This was his myth he told of himself.  He confessed to historian William Roscoe Thayer, “I’ve always had the knack of attracting birds and butterflies and other wild critters.”

The 1883 photo from the Miami Herald was his favorite photo of himself – and, like Lincoln, he relentlessly documented himself in photos.  But the man who anonymously (and very enthusiastically) reviewed his own books was not one to balk at a fact.

And fact was, he was a devoted opera-goer, a man who, until the end of his life, read ten newspapers a day.  He was no hayseed, but a city slicker – a Long Island born journalist and government clerk.  So why the St. Francis of Assisi shtick?

It remains one of America’s great literary mysteries. One thing is clear: the gift for self-reinvention is the great seal upon the American psyche. Think Whitman. Think Lincoln. Think Gatsby.  Think Obama.

Here’s another fun fact:  the alleged moth was “a gaudy cardboard butterfly produced in large quantities as part of an Easter celebration.”  How do we know?  In 1942, the Library of Congress shipped its most precious holdings inland.  A crate with ten of Whitman’s notebooks went to Ohio.   When the crate came back in 1944, the notebooks were gone.  Fifty years later, in 1994, a young man showed up at Sotheby’s with four of the notebooks from his father’s estate.  Thank you, sir, wherever you are:  when he learned of their history, he returned them, without trying to get a penny of the estimated half-a-million dollars the cache was worth.

But here’s the big surprise:  among the materials was the cardboard butterfly you see at right. The words are from  John Mason Neale’s Easter hymn which began to appear in hymnbooks in the 1850s.  Yup, it’s the insect from the photo.

John Lienhard of the University of Houston explains away Whitman’s gaffe this way:

So Whitman used the new cameras to make himself part of the poem. His own image became a dimension of his self-expression. He didn’t put his name on the title page of Leaves of Grass, he put his photo there – standing in rough clothes, the image of action, the image of the America he was writing about.
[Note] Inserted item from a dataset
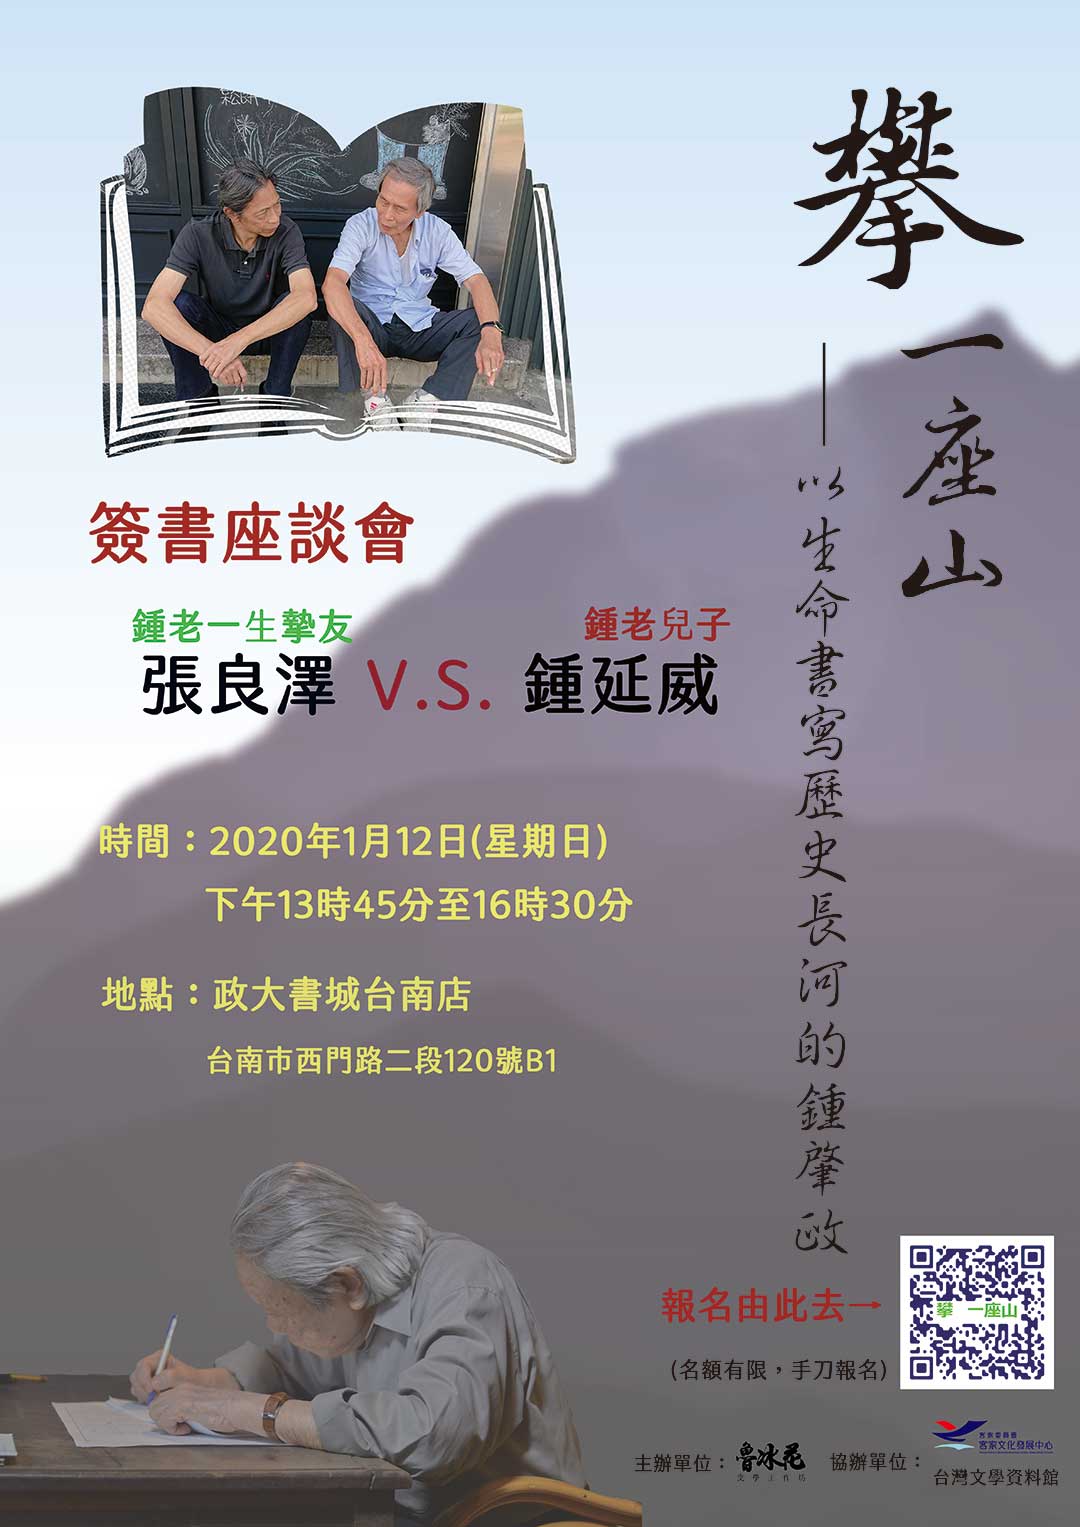 《攀 一座山》簽書座談會(台南場)活動宣傳海報

We all do that, of course. We offer a face to the world — strong, caring, reckless, intellectual, sinister. We all try to do what Whitman succeeded in doing. In the end, that fake butterfly doesn’t tarnish the poet at all; it explains him.

Whitman’s poetry was visual art. It was theater. Poetry was a process where he struggled to be one-and-the-same with the face he showed to the world. That’s surely the hardest thing any of us ever does. We try to decide whether we’re gentle or tough, while the real butterflies circle – always outside our reach.

Man of action? We think not.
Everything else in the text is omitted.